Uma nova normalidade está se formando, radicalmente diferente daquela que vamos gradualmente deixando para trás. Muitas de nossas crenças e suposições sobre como o mundo pode ou deveria ser entrarão em colapso".

O Clube de Roma falou da substituição gradual dos estados-nação por corporações transnacionais. E Klaus Schwab diz o mesmo: "As maiores empresas multinacionais assumirão mais responsabilidade social, participarão mais ativamente da vida pública e se responsabilizarão pelo bem comum".

Encontramos a introdução de tecnologias digitais para construir um campo de concentração eletrônico tanto nos relatórios do Clube de Roma quanto no plano “Grande Reinicialização”. No livro de Schwab, lemos: "Para acabar com a pandemia, uma rede de controle digital mundial deve ser criada ".

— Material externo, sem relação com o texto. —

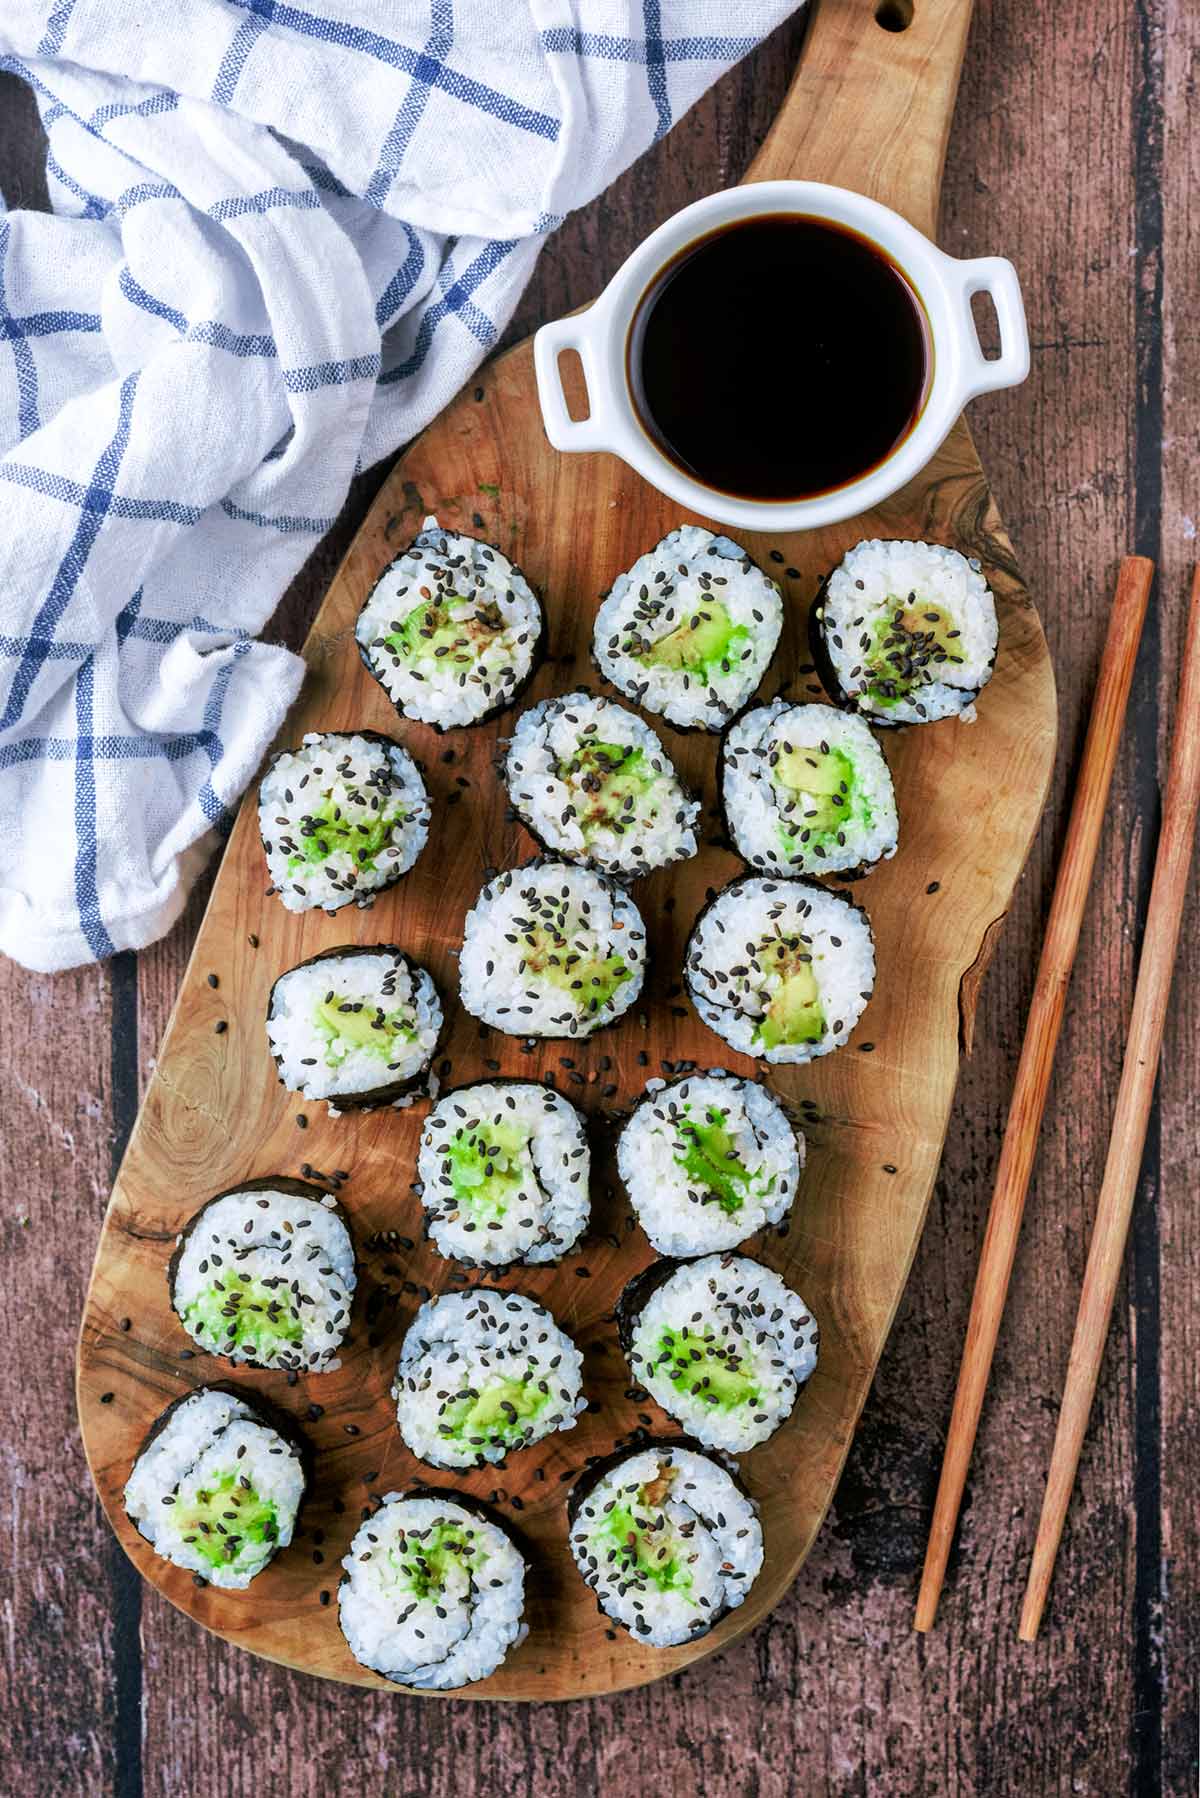 Avocado sushi rolls on a wooden board with a small bowl of soy sauce.

Muito no livro de Klaus Schwab fala sobre “energia verde”, “economia verde”, “desenvolvimento sustentável”, “descarbonização da economia”, etc. Por trás desses termos bonitos e pouco inteligíveis se esconde o que se chama de “desindustrialização” na linguagem do Clube de Roma. Então (na década de 70 do século passado) o eufemismo que substituiu a grosseira palavra “desindustrialização” era “sociedade pós-industrial”.

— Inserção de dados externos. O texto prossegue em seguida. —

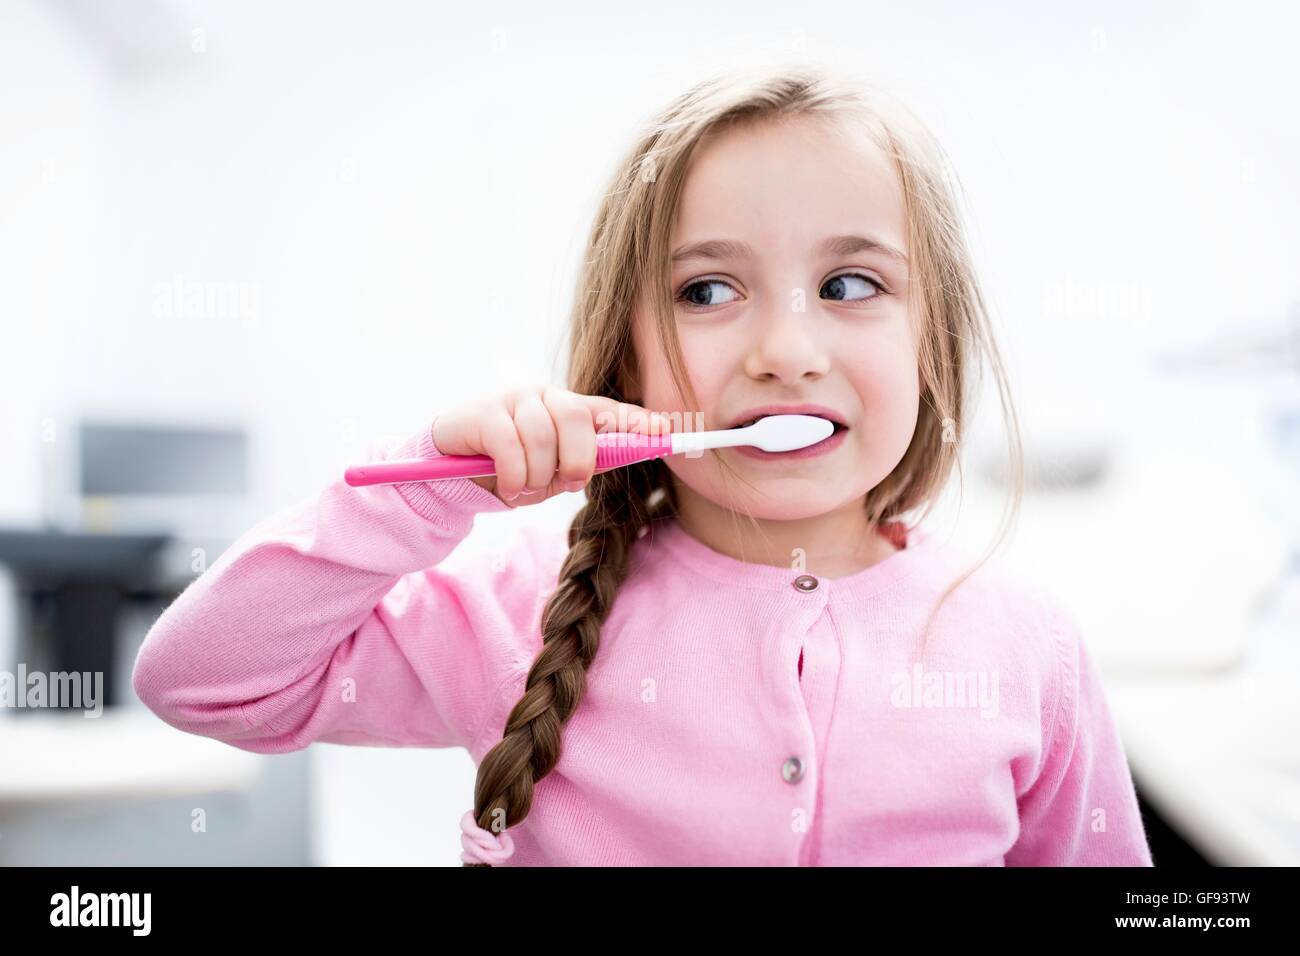 MODEL RELEASED. Girl brushing teeth, close-up. Stock Photo

Aliás, um dos primeiros a colocar esse termo em circulação foi Zbigniew Brzezinski (“sociedade pós-industrial” apareceu em seu livro “Era Tecnotônica”, 1969). Hoje Klaus Schwab & Co. eles decidiram “mudar o registro”: em vez do mantra da “sociedade pós-industrial”, soou o mantra da “sociedade pós-carbono”.  

Tudo indica que o Clube de Roma, no final da segunda década deste século, entregou ao Fórum Econômico Mundial a tarefa de finalizar e implementar o plano de reestruturação da ordem mundial. 

Qual é o motivo desta transferência? - Minha versão é a seguinte. Em 2017, aos 102 anos, faleceu o fundador e líder permanente do Clube de Roma, David Rockefeller. E alguns meses depois, faleceu Zbigniew Brzezinski, que era o braço direito do bilionário do Clube de Roma. A organização ficou sem timoneiro, o que afetou de imediato o conteúdo dos relatórios 2017-2019. 

E assim, o mundo nos bastidores instruiu Klaus Schwab a continuar o "trabalho glorioso" de David Rockefeller e Zbigniew Brzezinski. Além disso, ele é obrigado não tanto a fazer algumas modificações no plano já preparado pelo Clube de Roma, mas a iniciar sua implementação prática.